<span style="float:right;"><a href="https://github.com/RubixML/ML/blob/master/src/Transformers/KNNImputer.php">[source]</a></span>

# KNN Imputer
An unsupervised imputer that replaces missing values in a dataset with the distance-weighted average of the samples' *k* nearest neighbors' values. The average for a continuous feature column is defined as the mean of the values of each donor.

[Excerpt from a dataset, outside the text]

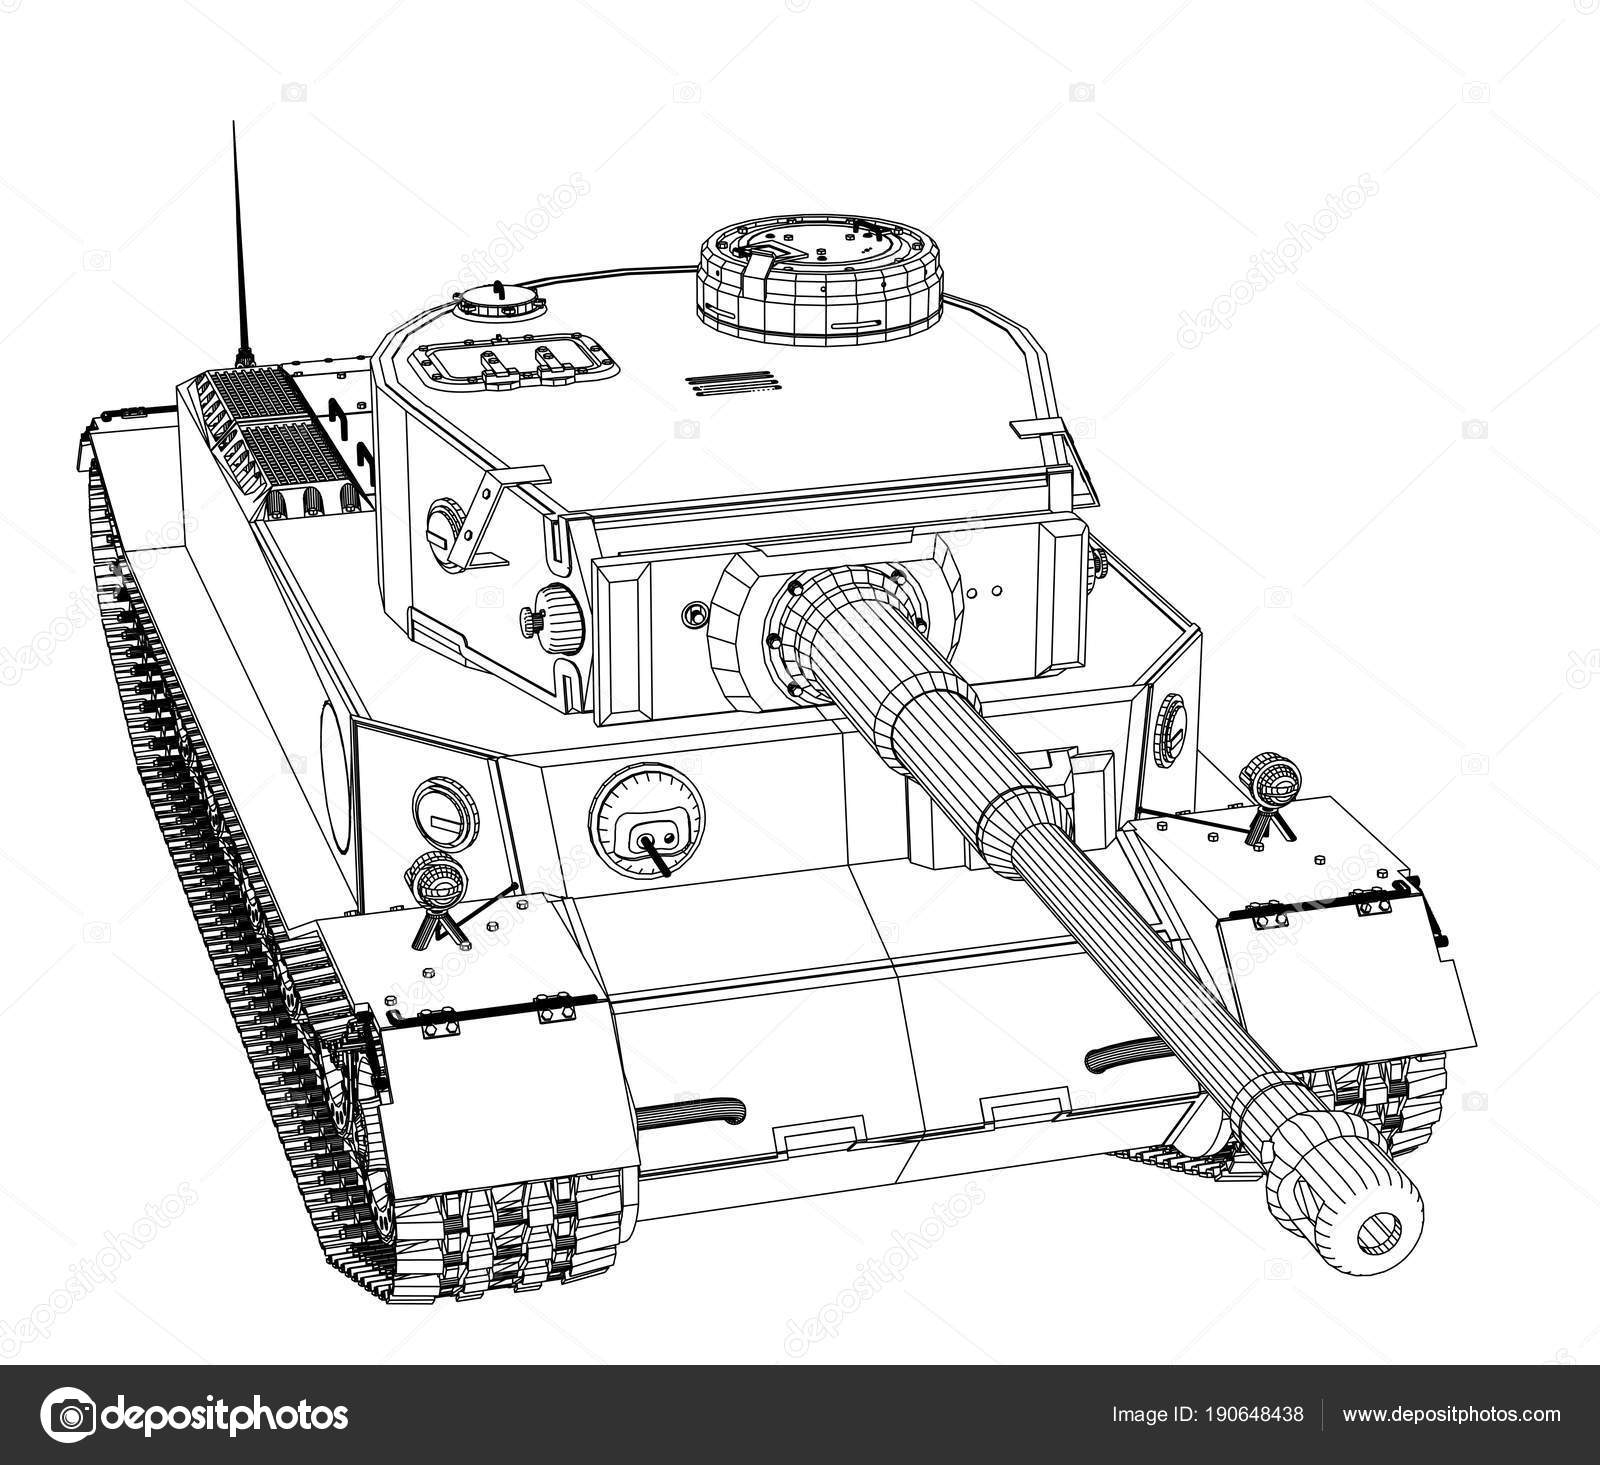 Blueprint of realistic tank stock photo cherezoff 190648438 blueprint or sketch of realistic tank 3d illustration photo by cherezoff malvernweather Image collections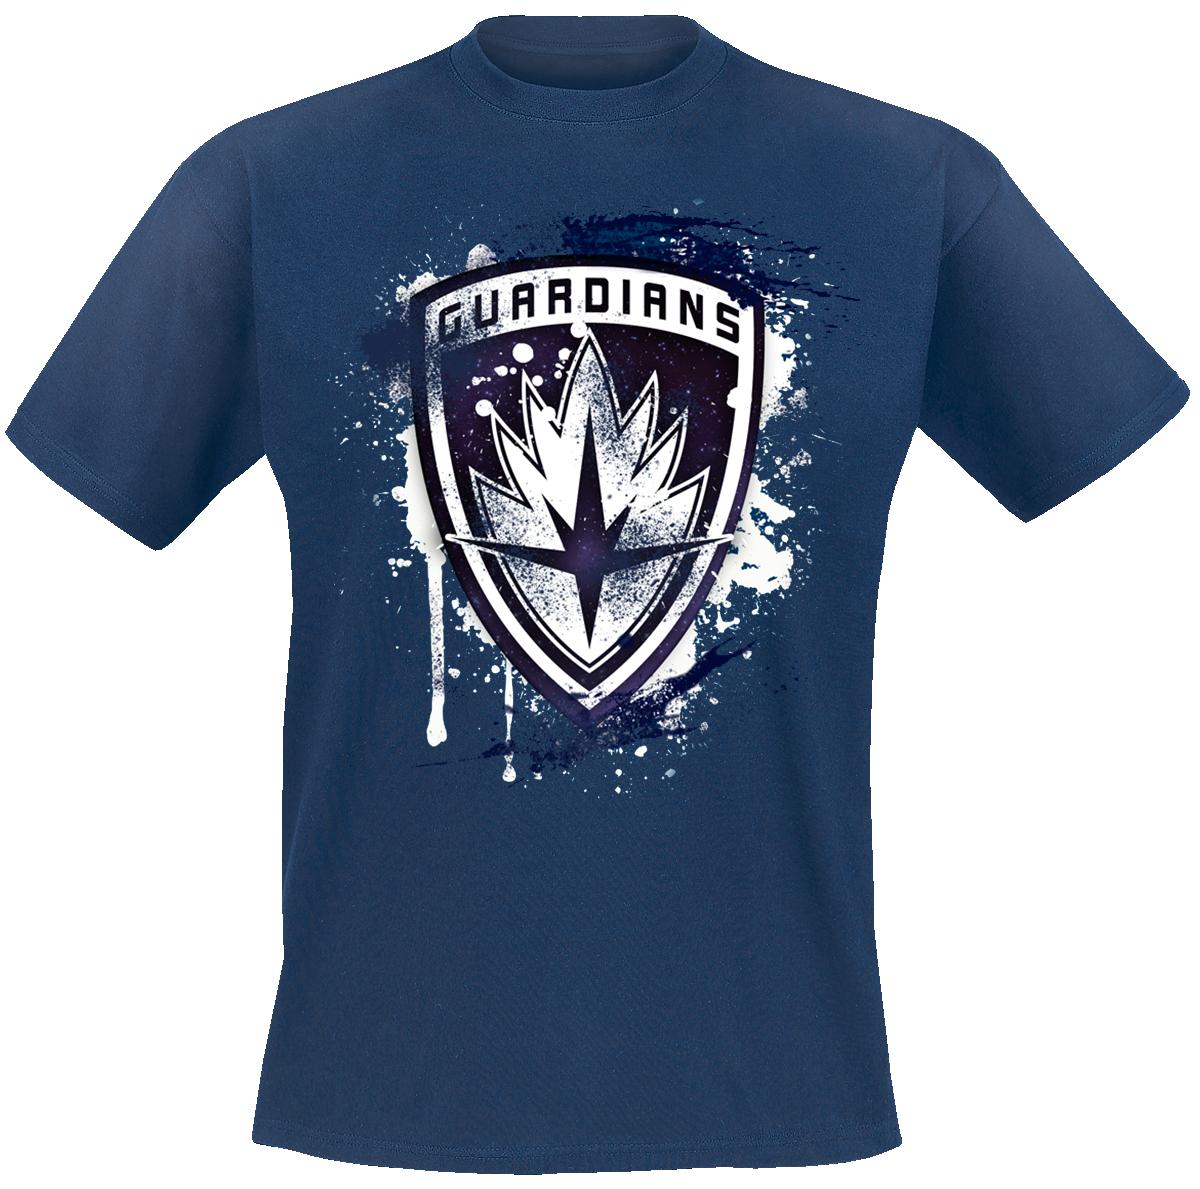 Guardians Of The Galaxy - Logo - T-Shirt - navy image

Similarly, average is defined as the *most frequent* value for categorical features.

!!! note
    Requires a NaN safe distance kernel such as [Safe Euclidean](../kernels/distance/safe-euclidean.md) for continuous features.

**Interfaces:** [Transformer](api.md#transformers), [Stateful](api.md#stateful), [Persistable](../persistable.md)

**Data Type Compatibility:** Depends on distance kernel

## Parameters
| # | Name | Default | Type | Description |
|---|---|---|---|---|
| 1 | k | 5 | int | The number of nearest neighbor donors to consider when imputing a value. |
| 2 | weighted | false | bool | Should we use distances as weights when selecting a donor sample? |
| 3 | categoricalPlaceholder | '?' | string | The categorical placeholder denoting the category that contains missing values. |
| 4 | tree | BallTree | Spatial | The spatial tree used to run nearest neighbor searches. |

## Example
```php
use Rubix\ML\Transformers\KNNImputer;
use Rubix\ML\Graph\Trees\BallTee;
use Rubix\ML\Kernels\Distance\SafeEuclidean;

$transformer = new KNNImputer(10, false, '?', new BallTree(30, new SafeEuclidean()));
```

## Additional Methods
This transformer does not have any additional methods.

## References
[^1]: O. Troyanskaya et al. (2001). Missing value estimation methods for DNA microarrays.